Mozilla’s mission is to ensure the Internet is a global public resource, open and accessible to all. Mozilla is most well-known for its browser Firefox, their main effort in making this vision a reality.

Firefox, with its more than 250 million active users, is available in 98 languages. However, only 40 percent of those users consider English their primary language. Previously, in order to change Firefox to a new language, users were required to select the new language and restart the browser.

To make changing languages easier, Mozilla created Fluent, a new technology that allows the Firefox interface to have more natural sounding and culturally appropriate translations. This type of translation is called localization.

Our Optimizing Firefox Localization tools enable Firefox developers to work more efficiently, spending less time catching small mistakes and more time integrating Fluent.

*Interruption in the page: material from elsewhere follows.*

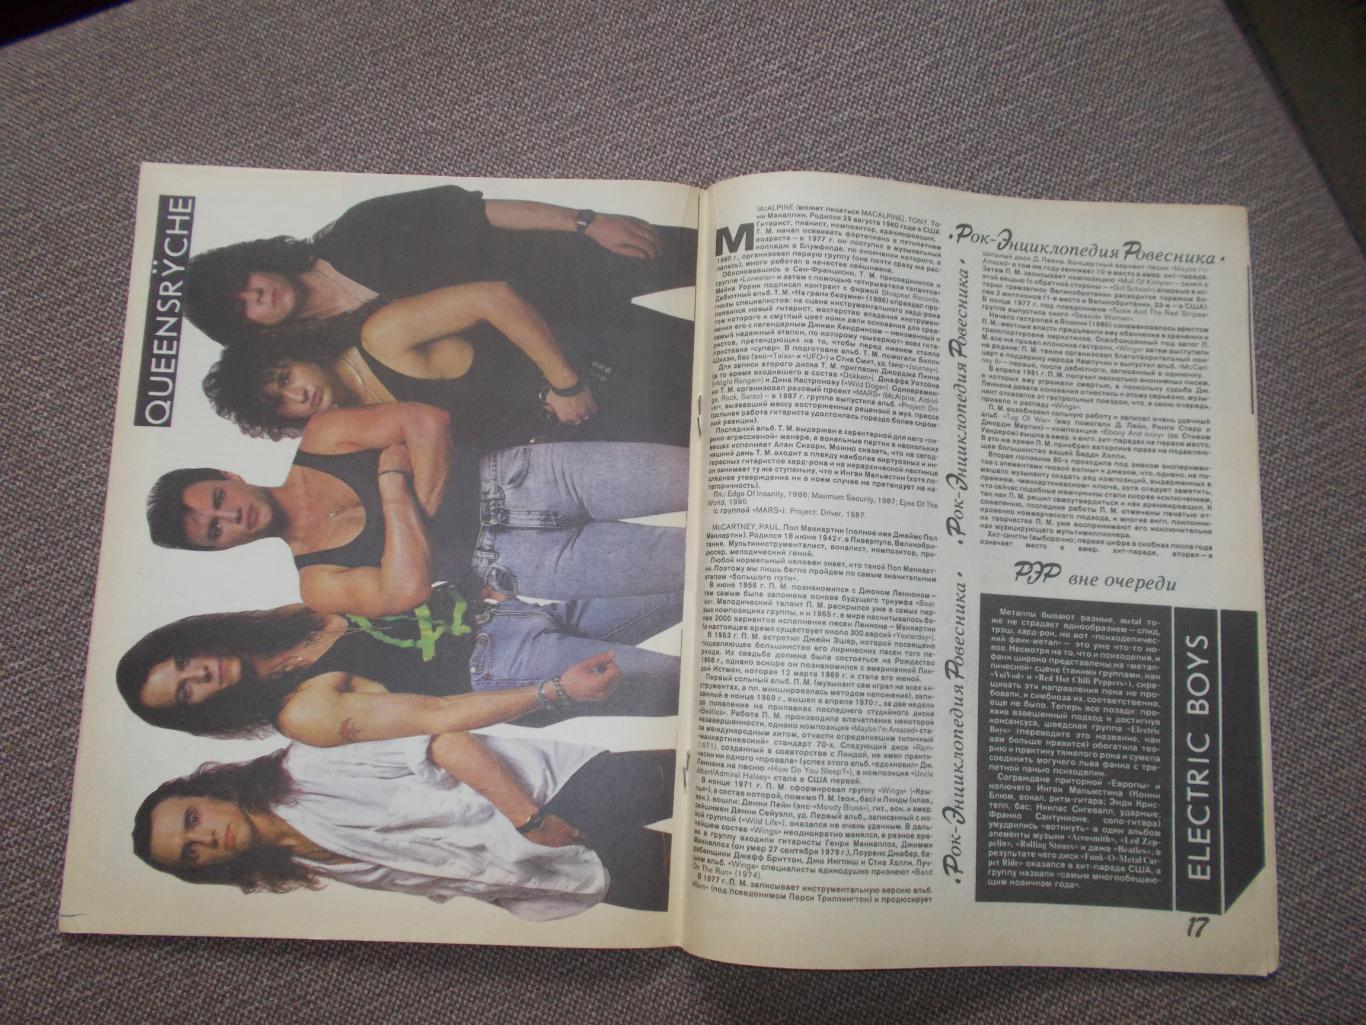 Журнал СССР :Ровесник№ 8 (август) 1991 г. (Молодежный музыкальный журнал) 6
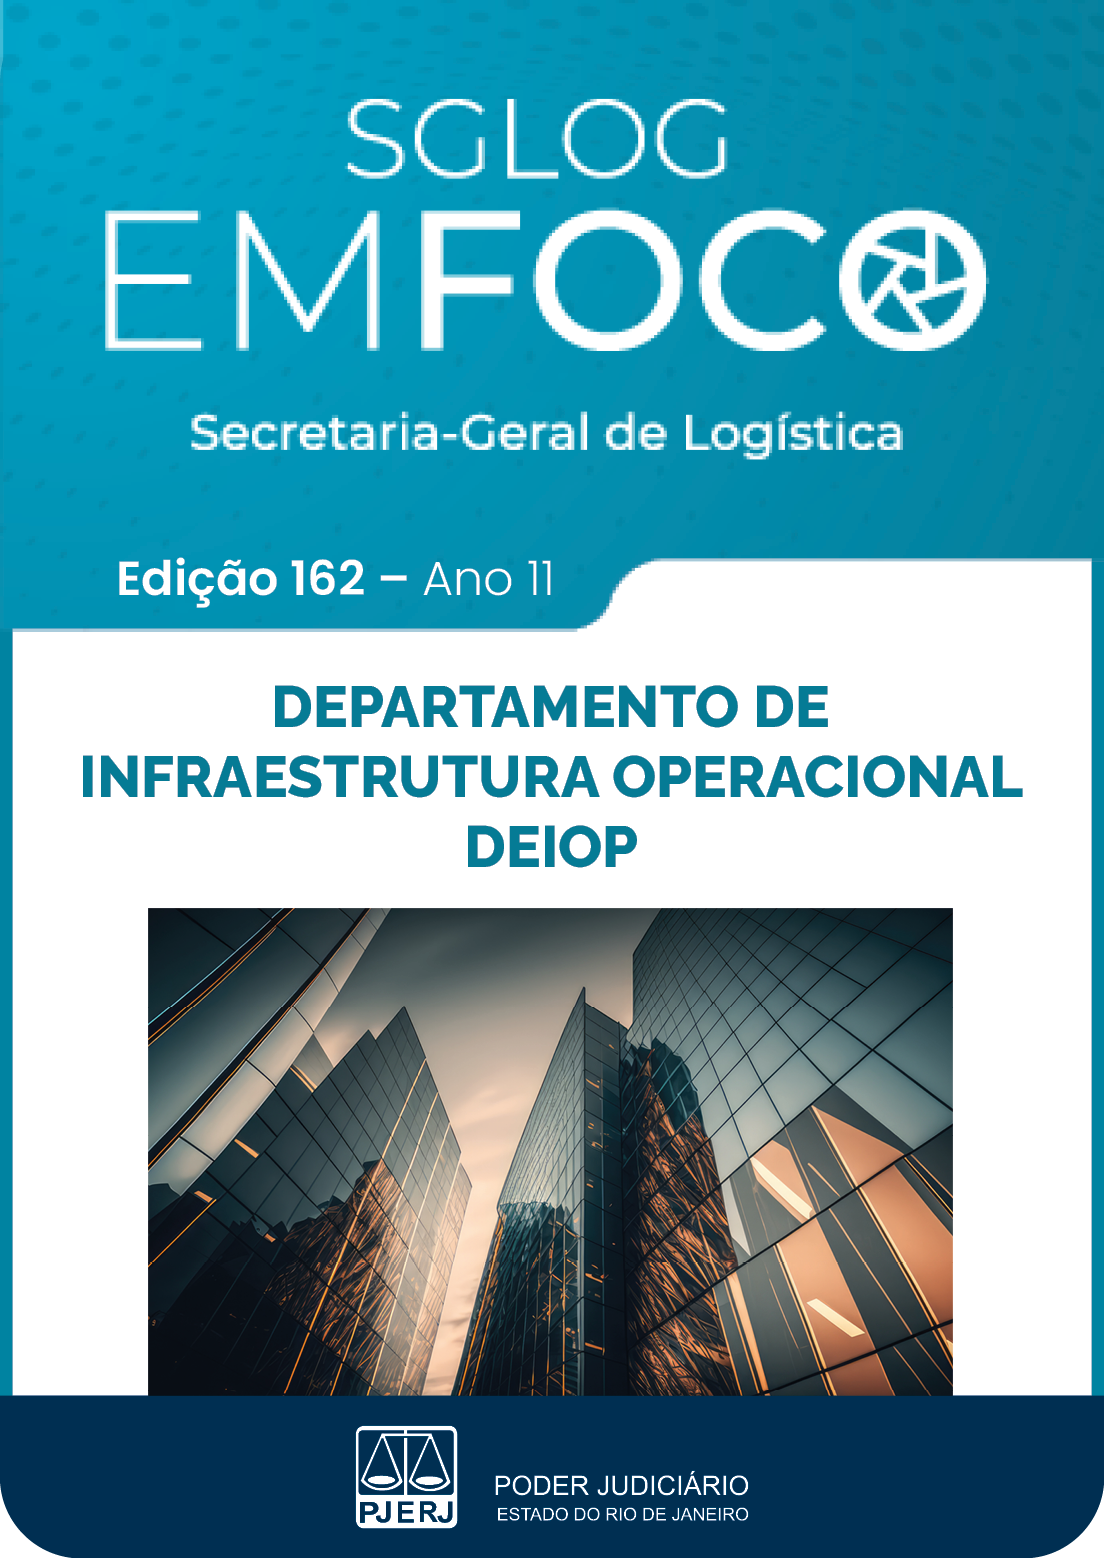 SGLOG EM FOCO - Secretaria-Geral de Logística - Edição 162 - ano 11 - DEPARTAMENTO DE INFRAESTRUTURA OPERACIONAL DEIOP

Our tools use a cutting-edge technology called WebAssembly, which is a new computing language designed specifically for modern web browsers like Firefox. WebAssembly speeds up the time to load Firefox in different languages. Translation to a new language is made with a simple setting change in the browser.

Optimization of the localization system is achieved by the integration of a Rust implemented parser through the use of WebAssembly, a version of JavaScript that achieves near native performance. These two factors decrease the time it takes to switch Firefox to a new language by one to two orders of magnitude.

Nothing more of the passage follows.